Computer-Assisted Passenger Screening System defeated

<Max <max7531@earthlink.net>>
Sat, 07 Sep 2002 11:06:14 -0700

I just read an excellent paper on the inequities of the Computer-Assisted
Passenger Screening System (CAPS) for airline travelers (thank you
Crypto-Gram), and thought it would add some quantitative analysis to the
Homeland Insecurity RISKS debate. Here's the abstract:

  To improve the efficiency of airport security screening, the FAA deployed
  the Computer Assisted Passenger Screening system (CAPS) in 1999. CAPS
  attempts to identify potential terrorists through the use of profiles so
  that security personnel can focus the bulk of their attention on high-risk
  individuals. In this paper, we show that since CAPS uses profiles to
  select passengers for increased scrutiny, it is actually less secure than
  systems that employ random searches. In particular, we present an
  algorithm called Carnival Booth that demonstrates how a terrorist cell can
  defeat the CAPS system. Using a combination of statistical analysis and
  computer simulation, we evaluate the efficacy of Carnival Booth and
  illustrate that CAPS is an ineffective security measure. Based on these
  findings, we argue that CAPS should not be legally permissible since it
  does not satisfy court-interpreted exemptions to the Fourth
  Amendment.

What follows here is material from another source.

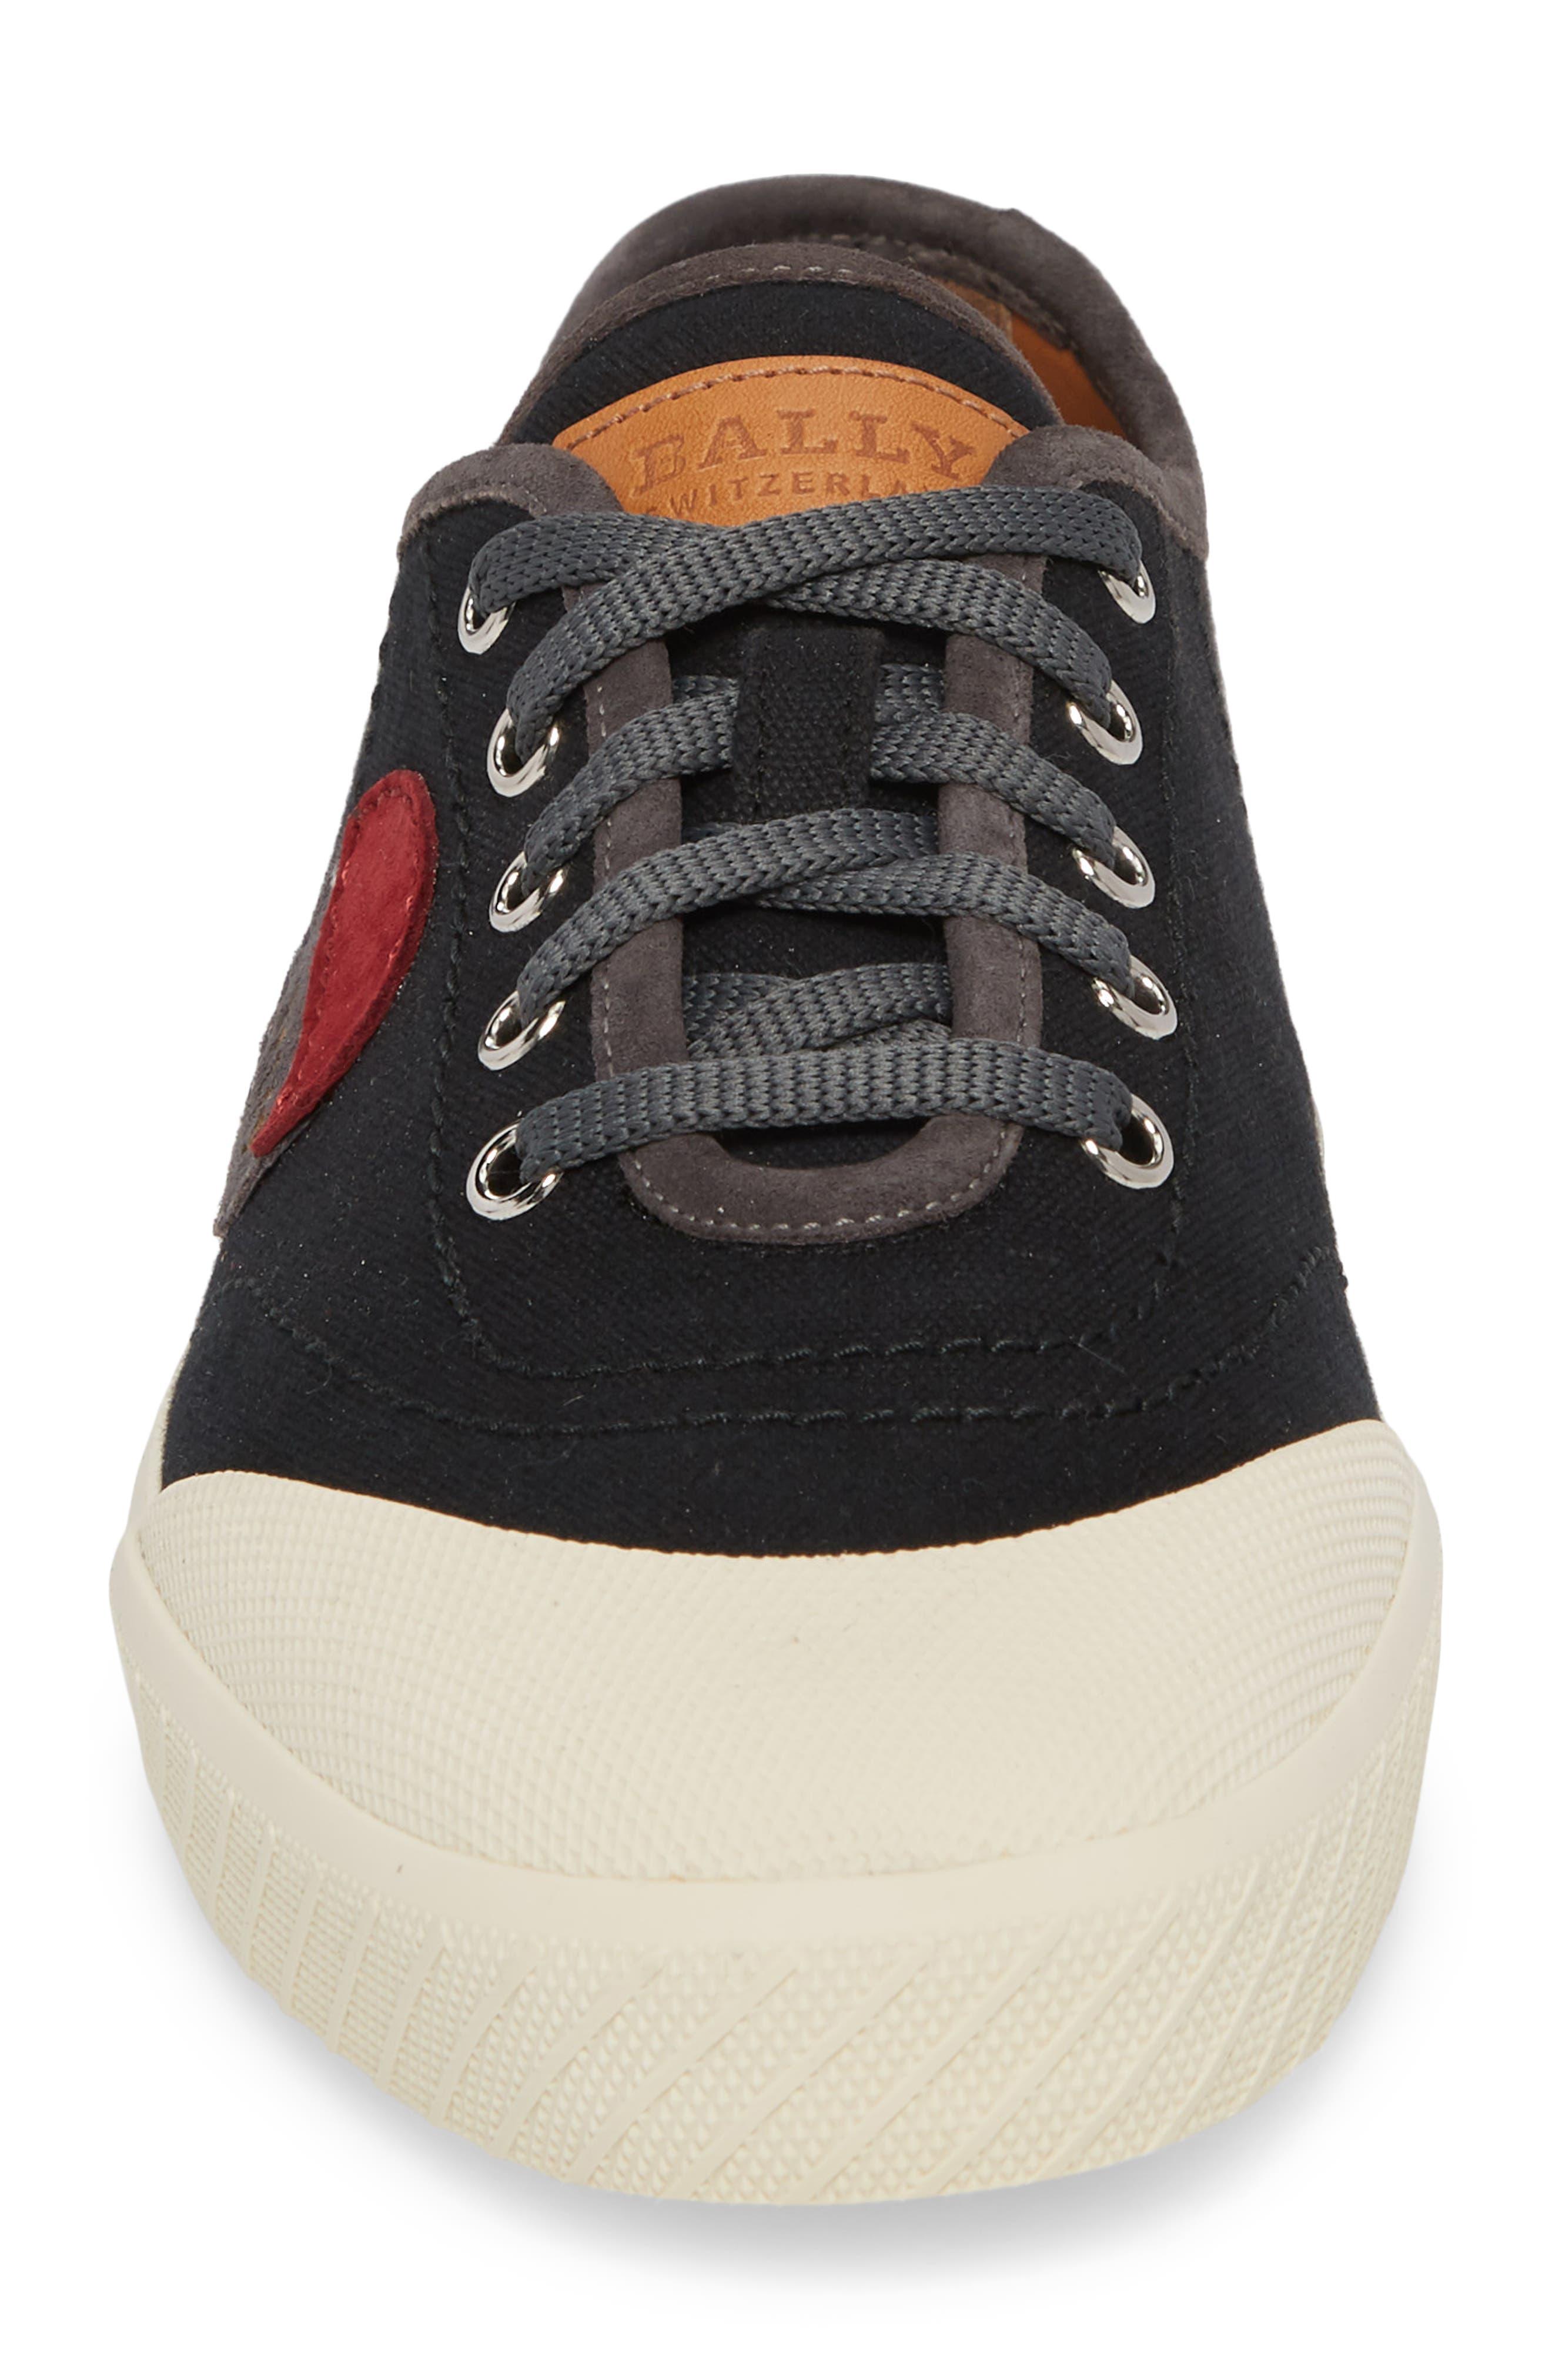 Silio Low Top Sneaker,                             Alternate thumbnail 4, color,                             001
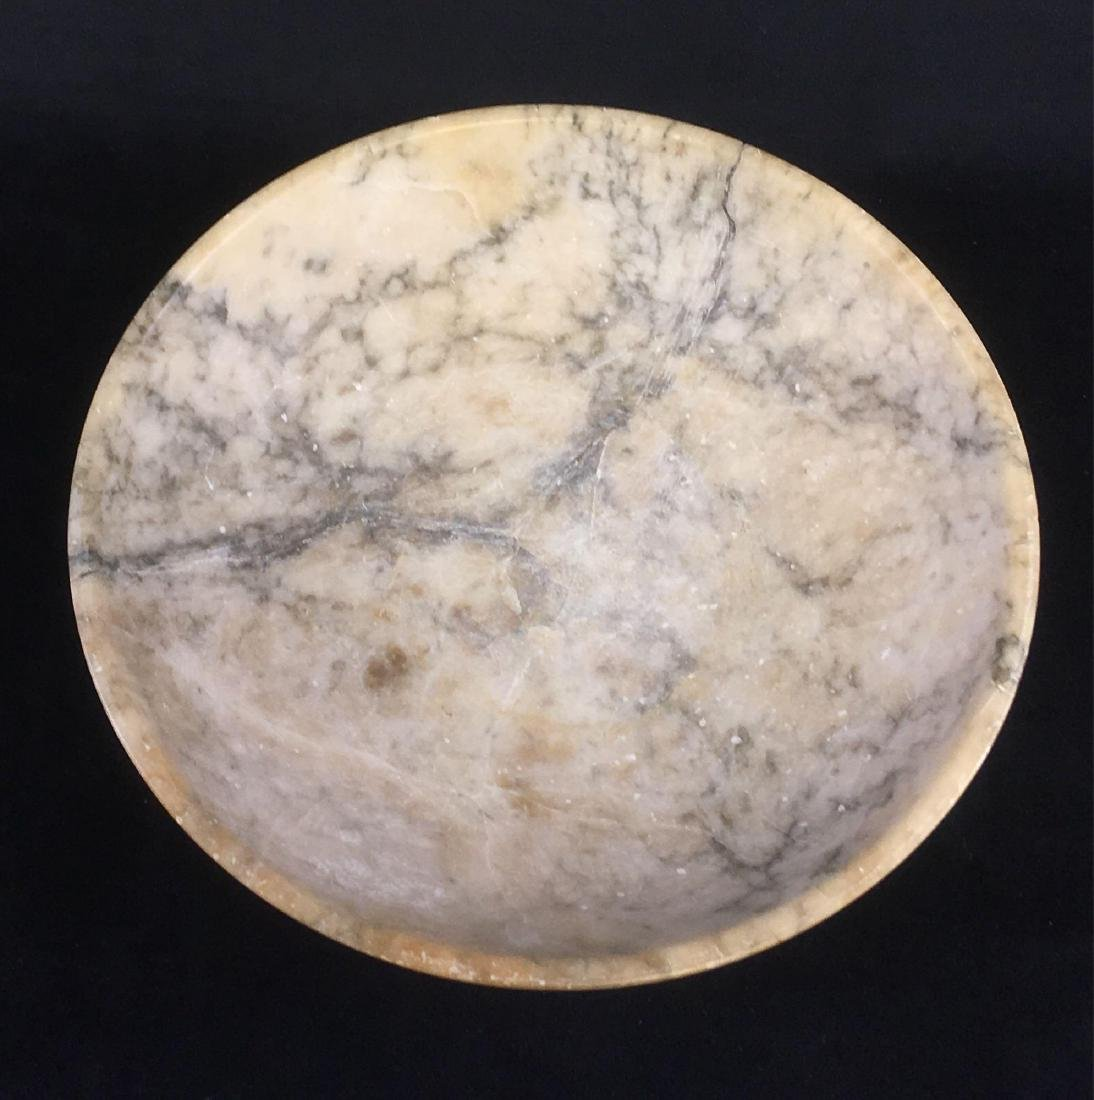 Vintage Marble Kitchen Decor Bowl - 2

Finally, based both on our analysis of CAPS and historical case
  studies, we provide policy recommendations on how to improve air
  security.

And here's a link to the whole paper (the formatting is a little off; scroll
down a bit from the title):
  http://swissnet.ai.mit.edu/6805/student-papers/spring02-papers/caps.htm


The Underground Web

<Monty Solomon <monty@roscom.com>>
Thu, 29 Aug 2002 04:04:31 -0400

Drugs. Gambling. Terrorism. Child Pornography. How the Internet makes any
illegal activity more accessible than ever: It's the kind of call everyone
dreads. For Kristen Bonnett, the daughter of NASCAR race driver Neil
Bonnett, it came on Feb. 11, 1994--the day her father crashed during a
practice run at the Daytona International Speedway. A few hours later, he
died. Bonnett was devastated, but she got on with her life. Then, seven
years later, came a second call. This time, it was a reporter asking for
comment on autopsy photos of her father that were posted on the Internet.
Shocked, she quickly got online. "Forty-eight thumbnail pictures, basically
of my Dad on the table, butt-naked, gutted like a deer, were staring me
directly in the face," says Bonnett. Now, when she thinks of her father, she
pictures him lying atop an autopsy table.

Warning: You are about to enter the dark side of the Internet. It's a place
where crime is rampant and every twisted urge can be satisfied.  Thousands
of virtual streets are lined with casinos, porn shops, and drug
dealers. Scam artists and terrorists skulk behind seemingly lawful Web
sites. And cops wander through once in a while, mostly looking lost. It's
the Strip in Las Vegas, the Red Light district in Amsterdam, and New York's
Times Square at its worst, all rolled into one--and all easily accessible
from your living room couch.  ...  [*Business Week*, cover story, 2 Sep 2002]
  http://www.businessweek.com/magazine/content/02_35/b3797001.htm


Missed phone connections

<Monty Solomon <monty@roscom.com>>
Wed, 28 Aug 2002 23:24:53 -0400

By Robert Kuttner, *The Boston Globe*, 28 Aug 2002

OUR LONG-DISTANCE telephone service stopped functioning yesterday.  For the
magazine I edit, it was a pretty big inconvenience.  For several hours we
pooled cellphones.

My first call was to our bookkeeper. Were we current on our bills? We were.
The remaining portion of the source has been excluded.